Exercise directions:
An exact copy of the data is required. No picture may appear in it.

Information provided:
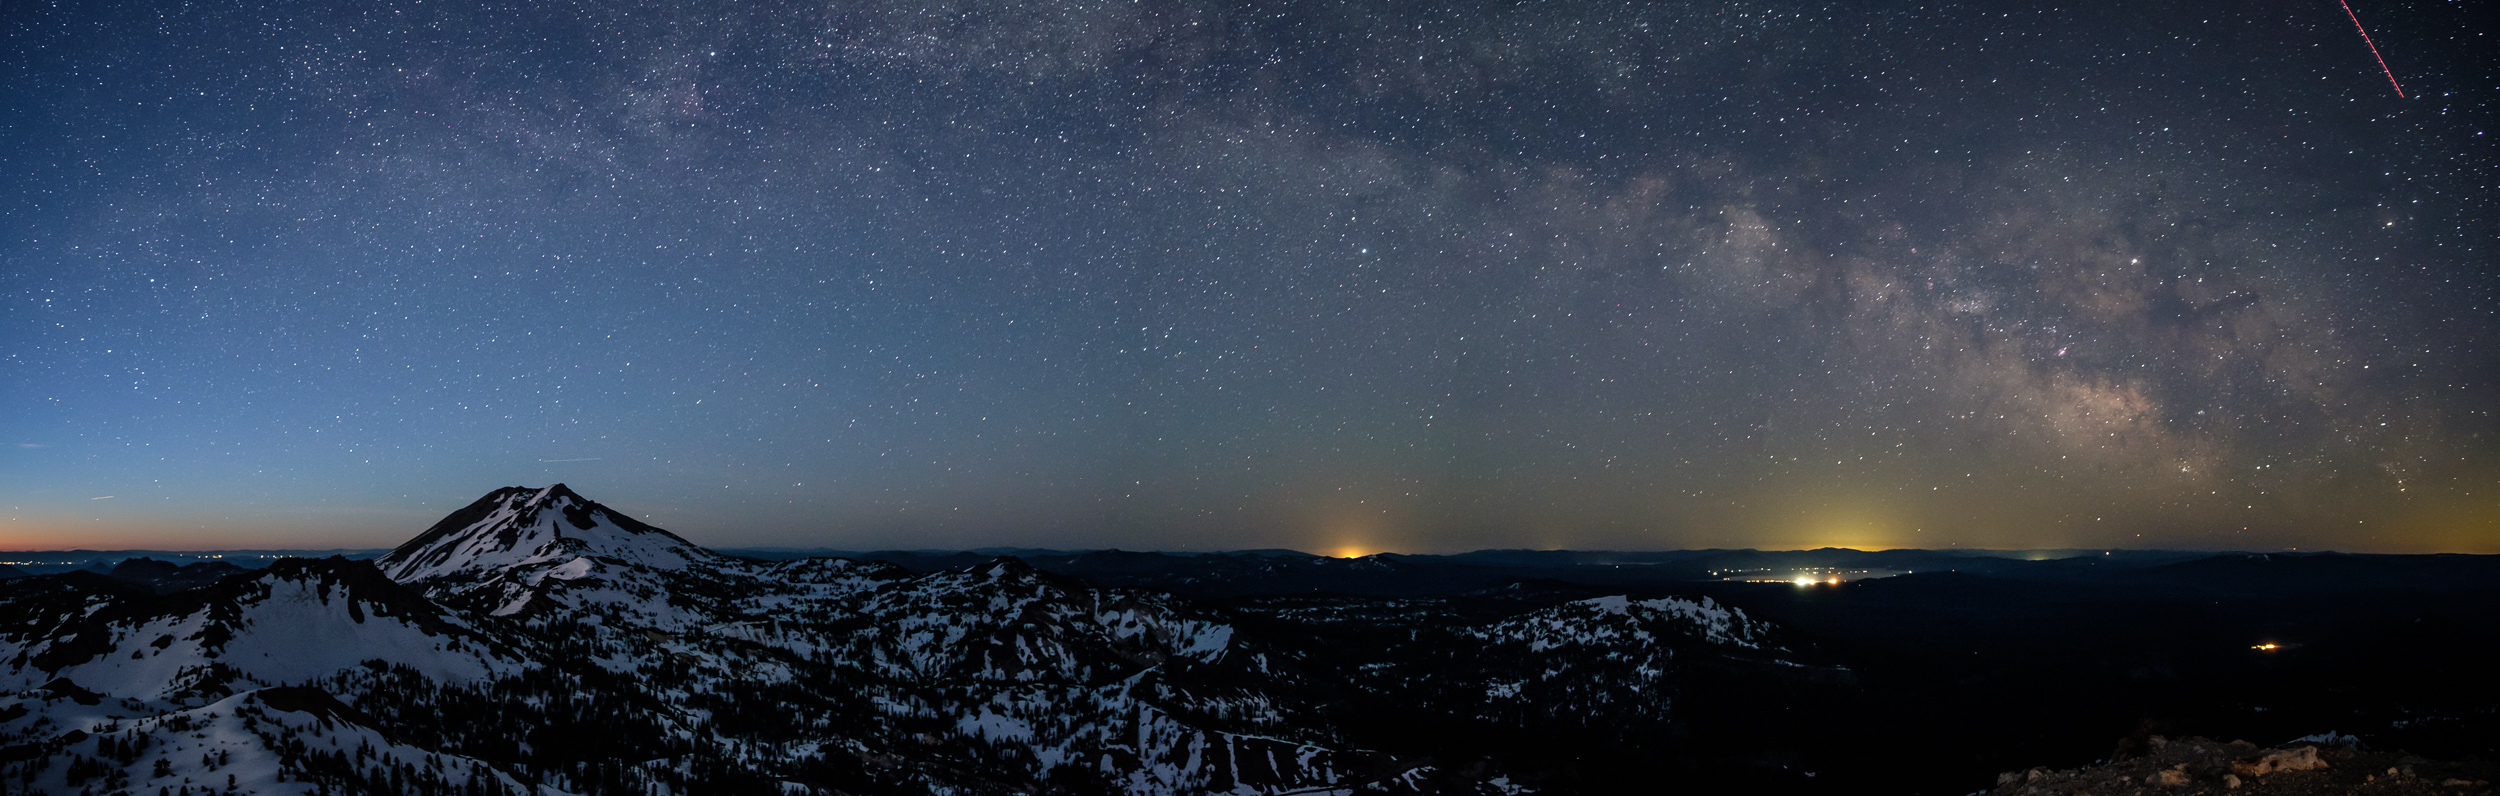  The Milky Way arcs across the sky above Lassen Peak. Lassen Volcanic National Park, California.&nbsp; 
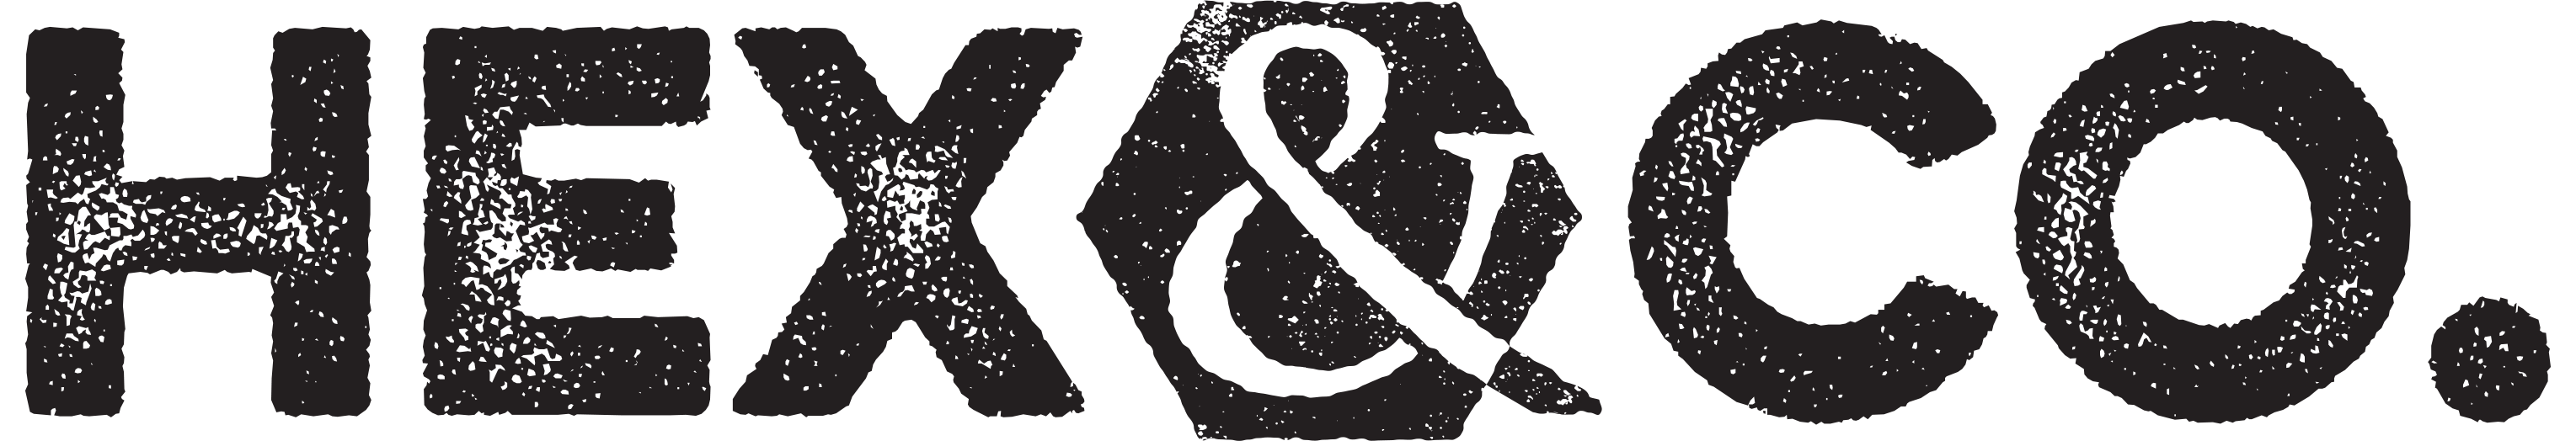 Hex&Co. logo
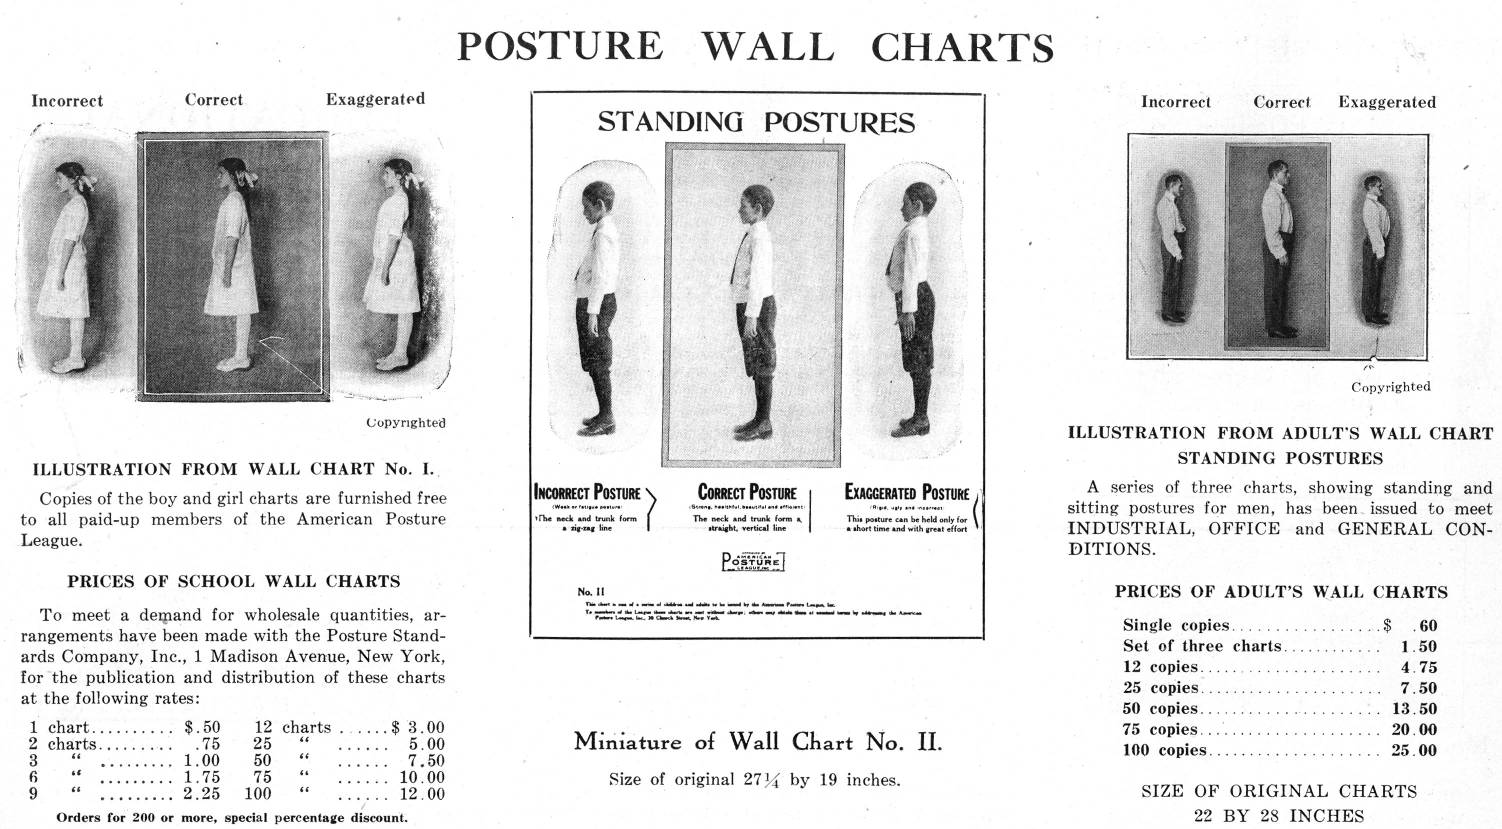 Linker.posture wall charts

Task answer:
  The Milky Way arcs across the sky above Lassen Peak. Lassen Volcanic National Park, California.&nbsp; 
 Hex&Co. logo
 Linker.posture wall charts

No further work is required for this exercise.